Bien que le cancer de l’ovaire réponde bien à la chimiothérapie, une fois qu’il devient résistant à celle-ci, les traitements à disposition du corps médical sont relativement peu efficace. Selon l’Institut National du Cancer (INCa), en fonction du type histologique, du stade et du grade du cancer de l’ovaire, les patientes subissent une chirurgie et/ou une chimiothérapie, associant généralement un sel de platine et un taxane (souvent le carboplatine et le paclitaxel, respectivement) (©Les traitements des cancers de l’ovaire, collection Guides patients Cancer info, INCa, novembre 2010). En cas de récidive, et elles sont nombreuses, le cancer devient résistant à la chimiothérapie, nécessitant le développement de nouveaux protocoles thérapeutiques reposant sur la connaissance des mécanismes moléculaires qui existent en amont de la progression tumorale. Parmi eux, des inhibiteurs de l’enzyme nucléaire PARP (pour poly(ADP-ribose) polymérase), qui intervient dans la réparation de l’ADN, ou le bevacizumab, un anti-VEGFA, déjà sur le marché pour le traitement d’autres cancers, dont la fonction est l’inhibition de l’angiogenèse. Rappelons ici qu’il existe une transactivation du récepteur du VEGF via l’axe endothéline, ce qui souligne la pertinence du choix d’ETAR comme cible thérapeutique.

Le cancer de la prostate présente une prolifération cellulaire lente couplée à une diminution de la mort cellulaire472, ce qui en fait une maladie relativement résistante aux agents chimiothérapeutiques. Si la privation en androgènes est dans un premier temps bénéfique, la maladie peut de nouveau progresser 1 à 2 ans plus tard : on parle alors de cancer de la prostate résistant à la castration. Cet aspect du cancer de la prostate a favorisé le développement, voire l’approbation, de nouveaux traitements venant au renfort des thérapies classiques (chirurgie, radiothérapie, curiethérapie, hormonothérapie et chimiothérapie, employant souvent le docetaxel) (©Les traitements du cancer de la prostate, collection Guides patients Cancer info, INCa, novembre 2010). La FDA a par exemple accepté le denosumab, un AcM humain, dans la prévention des complications squelettiques chez les patients atteints de métastase osseuse. L’implication de l’axe endothéline dans ce type de métastase confirme ici encore qu’ETAR est une cible de choix en thérapie anti-cancéreuse.

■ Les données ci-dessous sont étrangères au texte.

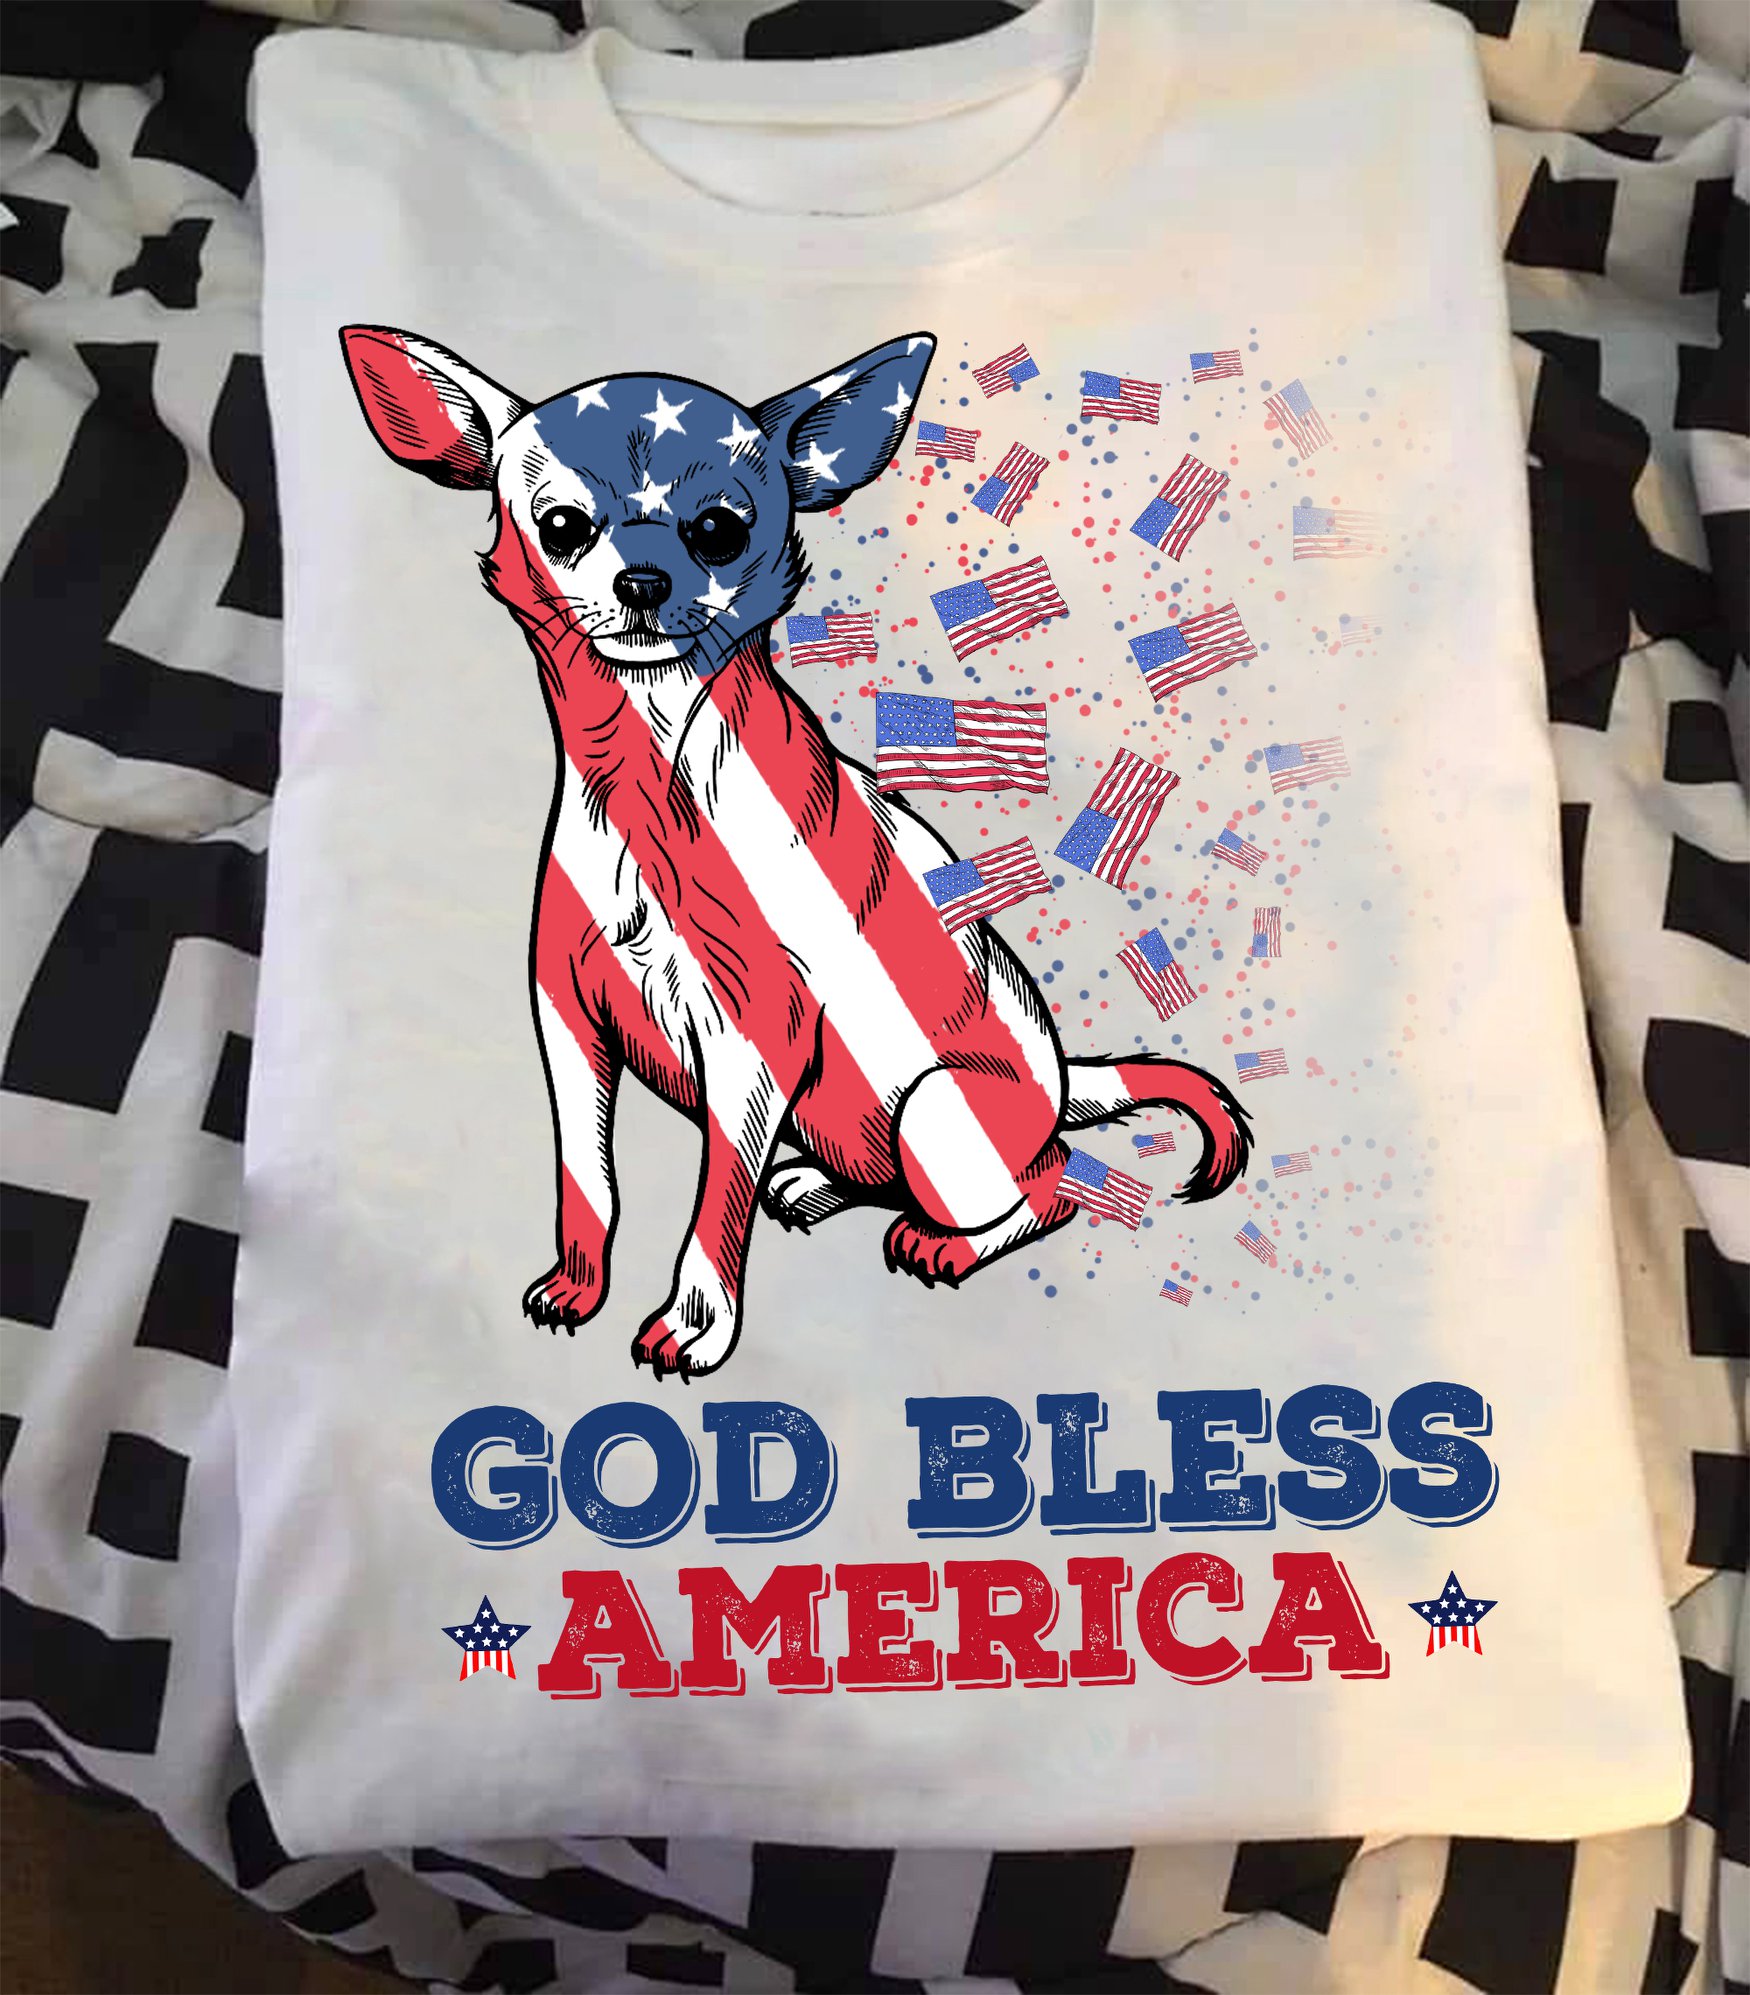 God bless America - America flag and Chihuahua dog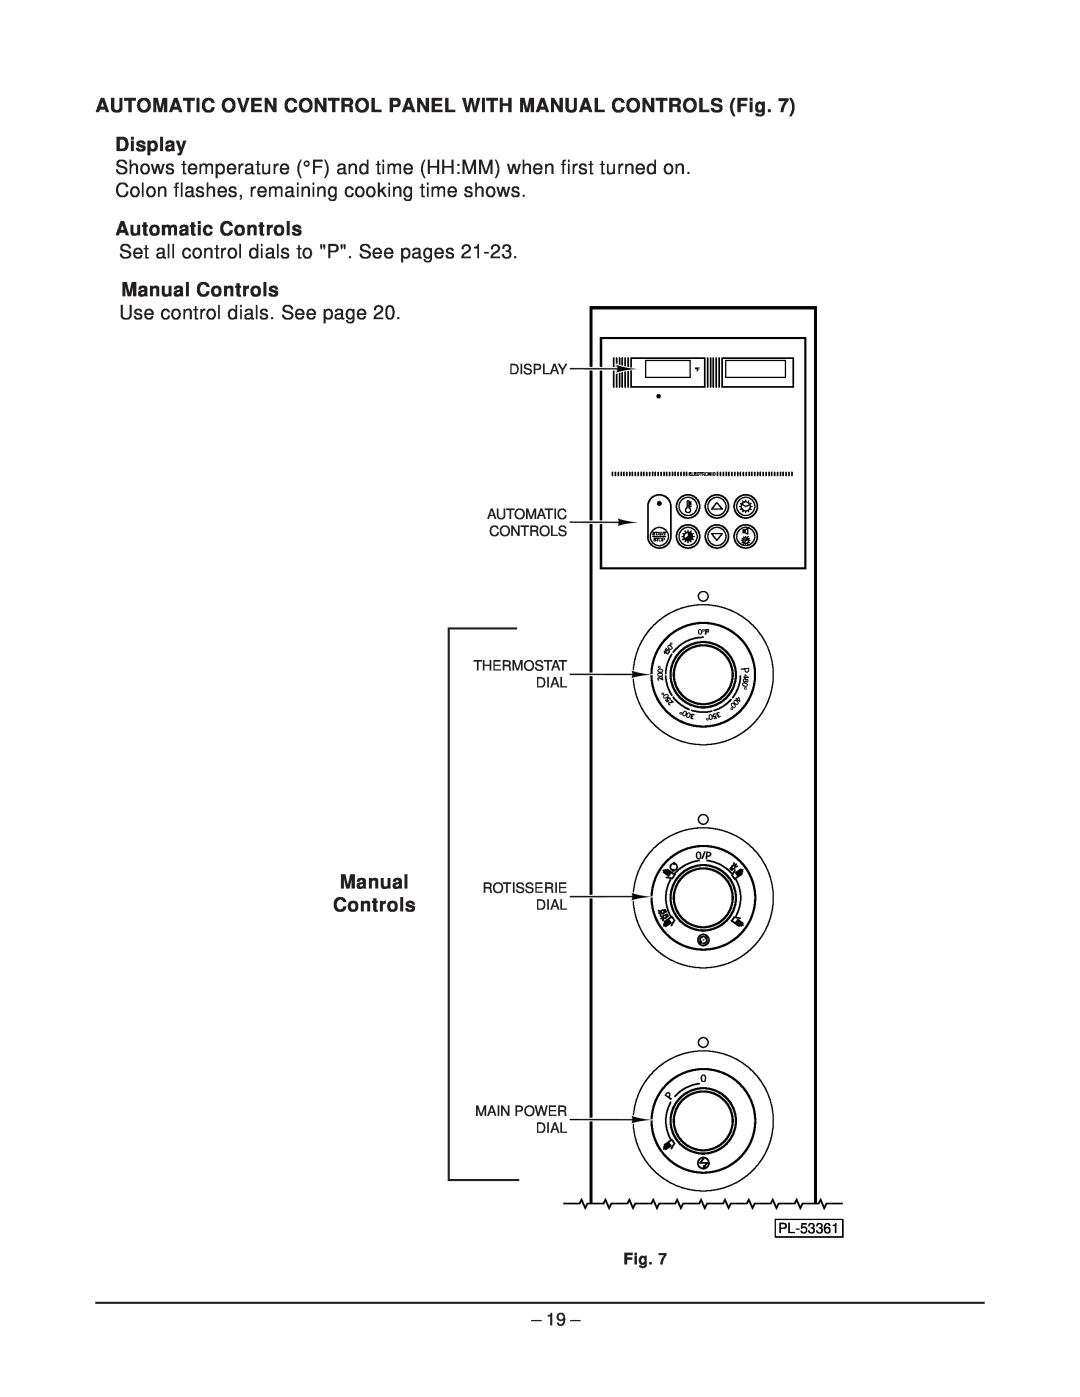 Hobart HR5 manual AUTOMATIC OVEN CONTROL PANEL WITH MANUAL CONTROLS Fig Display, Automatic Controls, Manual Controls

Une partie de l’introduction a été dédiée aux essais cliniques portant sur l’efficacité des antagonistes chimiques des récepteurs des ET dans le traitement de certains cancers, notamment des antagonistes d’ETAR dans le cancer de la prostate résistant à la castration ; les résultats décevants de ces essais n’ont pu conduire à des autorisations de mise sur le marché.

D’une part, l’implication de l’activation du récepteur ETA dans l’agressivité des cancers de l’ovaire et de la prostate, et d’autre part, les moyens thérapeutiques actuels limités quant au traitement de ces cancers, justifient le ciblage d’ETAR pour ouvrir de nouvelles perspectives thérapeutiques. Les antagonistes chimiques d’ETAR ayant échoué dans les essais cliniques menés dans le cadre du cancer de la prostate, il est nécessaire de développer d’autres types de molécules contre ETAR. Des AcM dirigés contre ce RCPG auraient notamment les avantages de pouvoir entrer en compétition avec le ligand naturel du récepteur, de pouvoir exercer un effet antagoniste sur les voies de signalisations activées ou encore de pouvoir être couplés, permettant de ce fait une utilisation en diagnostic, en utilisant le récepteur comme un marqueur des cellules tumorales, ou en thérapie.